--- Data block ---
*** Block opens ***
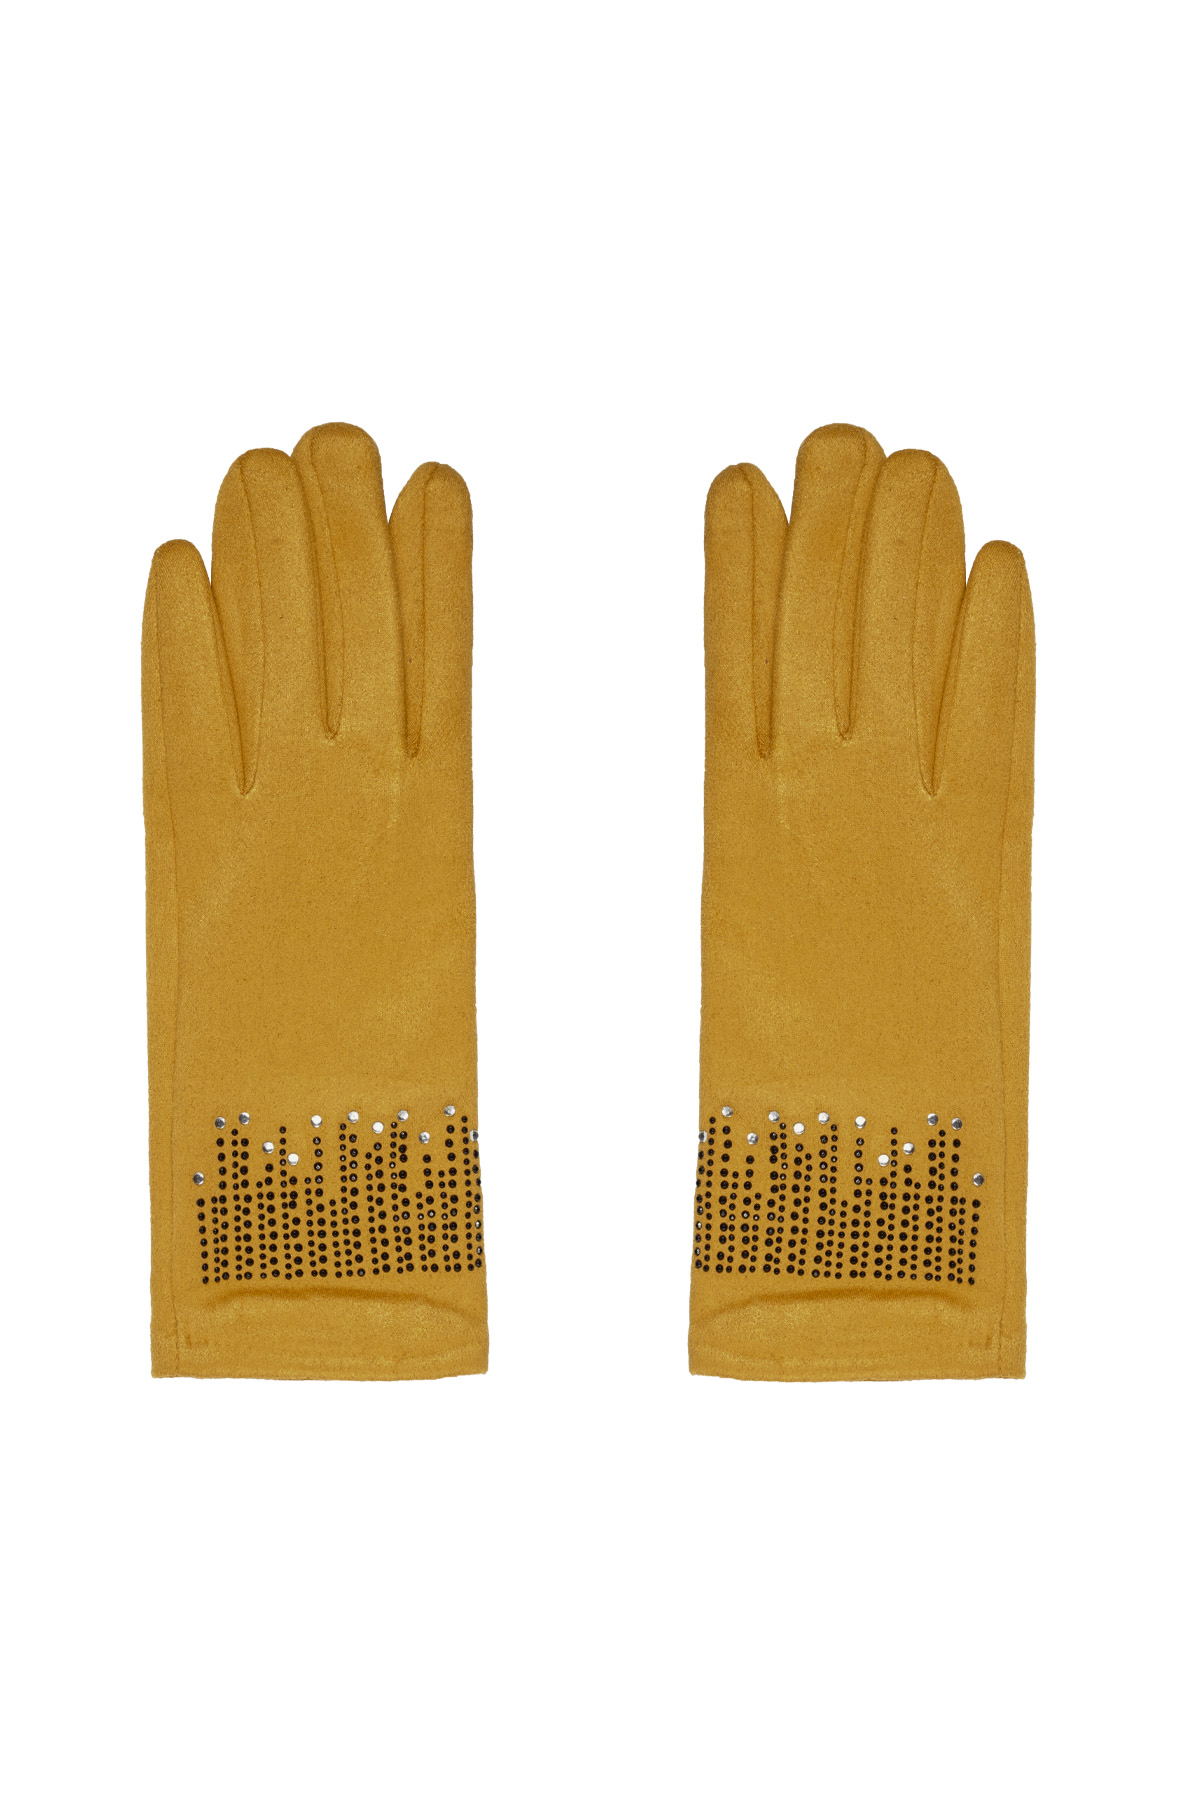 Handschuhe Steine - gelb h5 
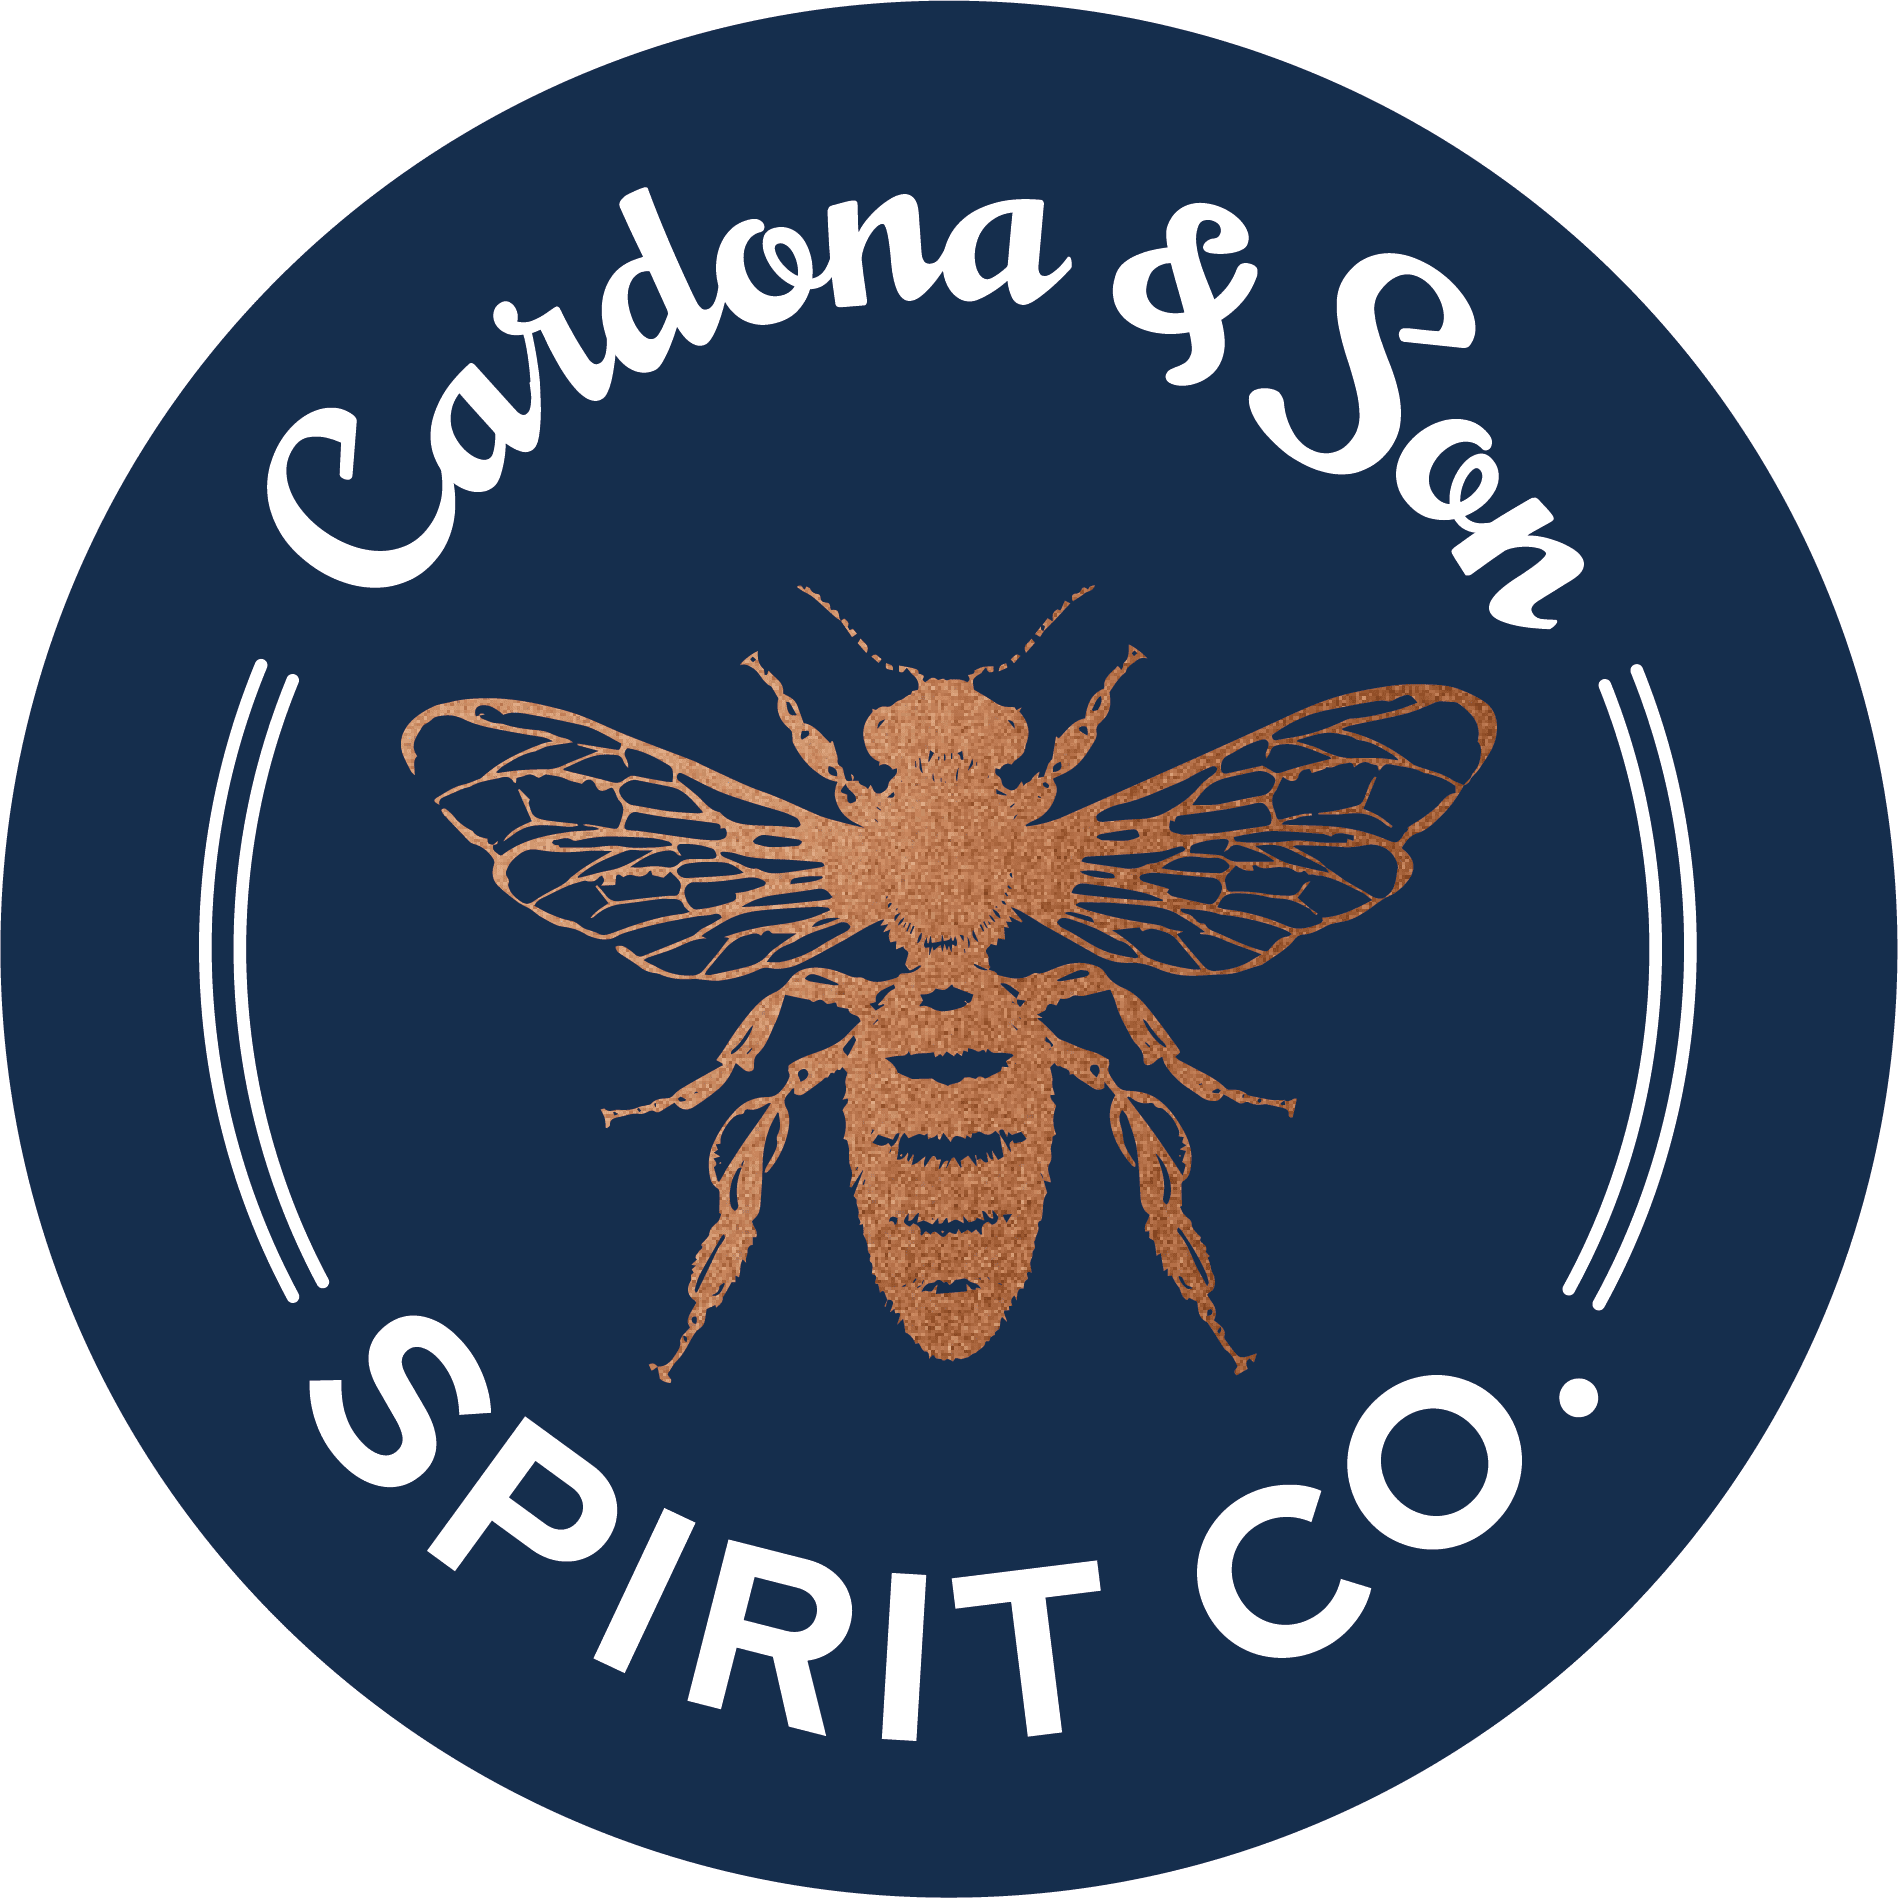 Cardona & Son Spirit Co
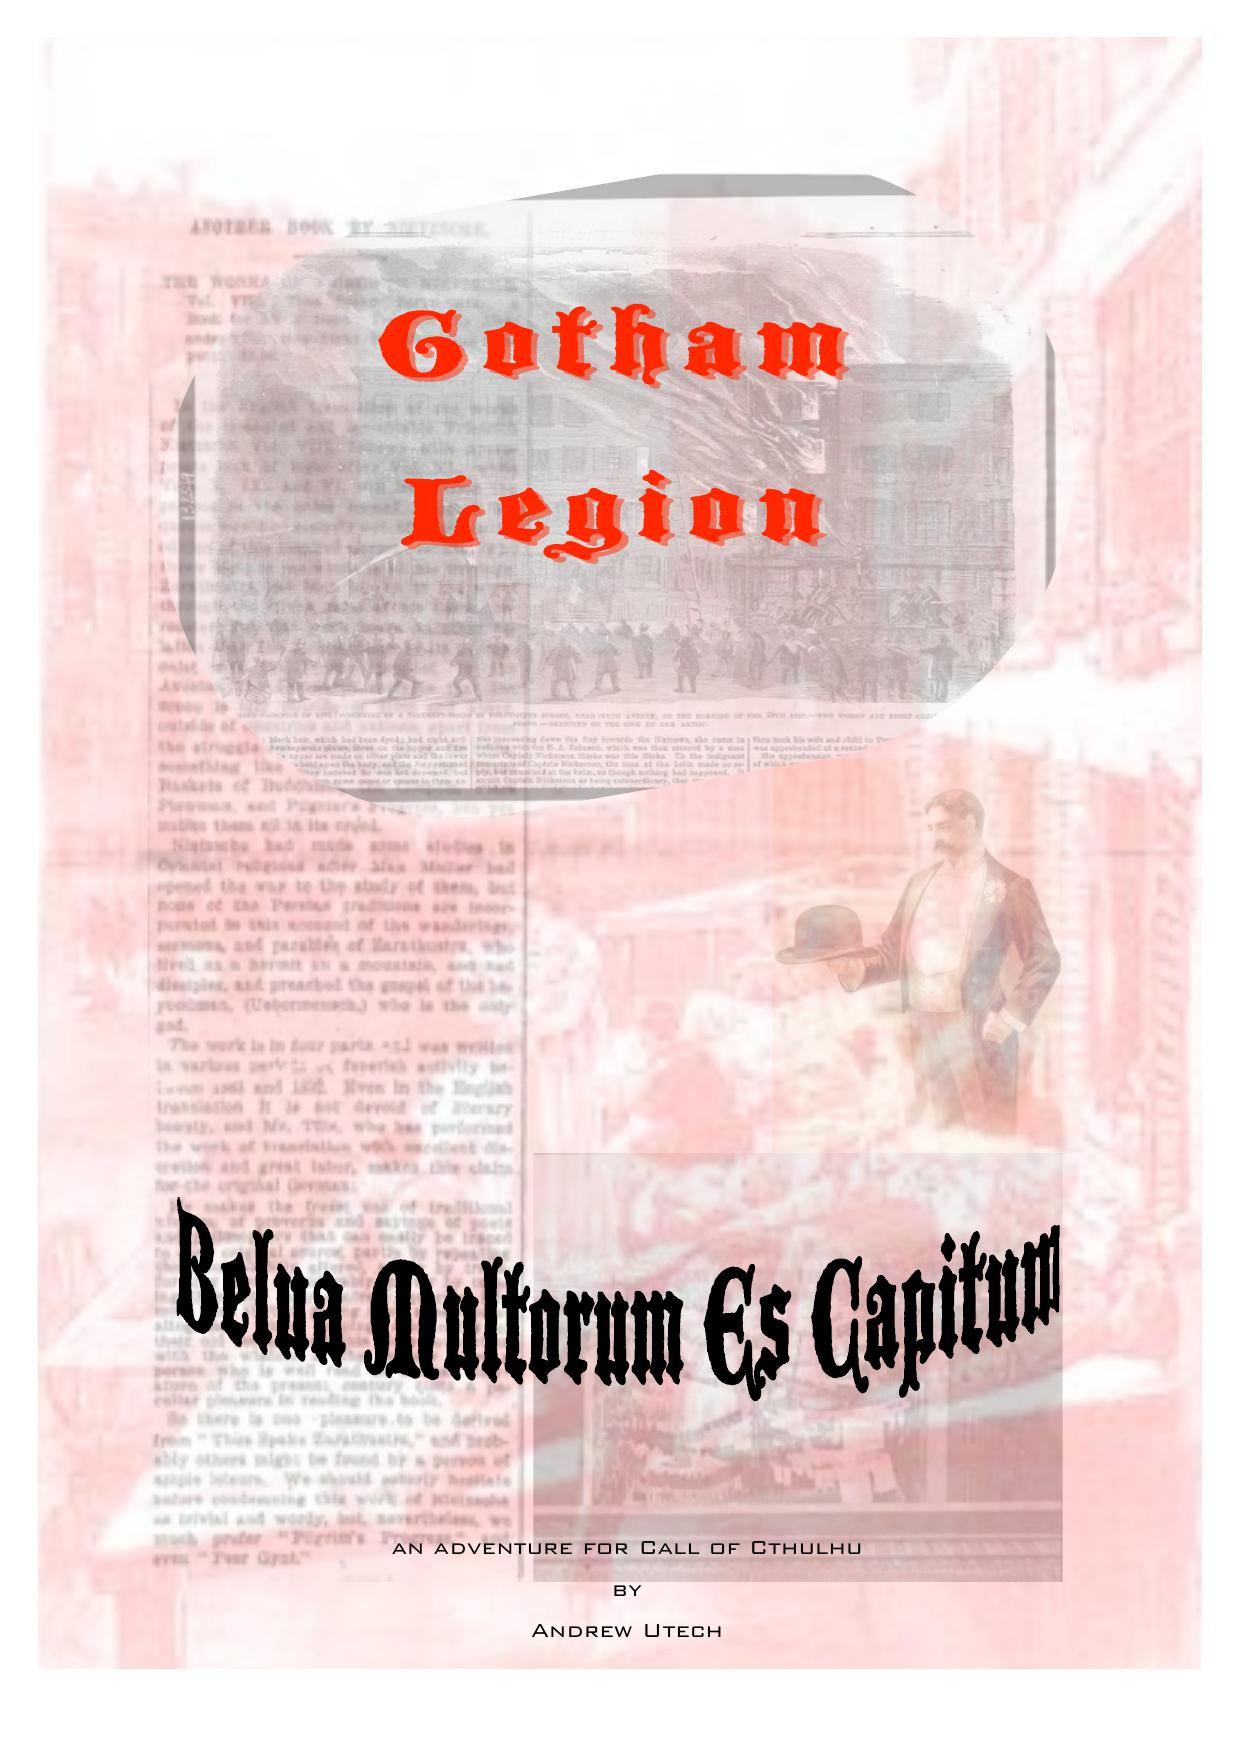 Microsoft Word - Gotham Legion.doc
*** Block closes ***
--- What this task involves ---
Repeat the lines above exactly, and keep every picture out.

--- Exercise output ---
 Handschuhe Steine - gelb h5 
 Cardona & Son Spirit Co
 Microsoft Word - Gotham Legion.doc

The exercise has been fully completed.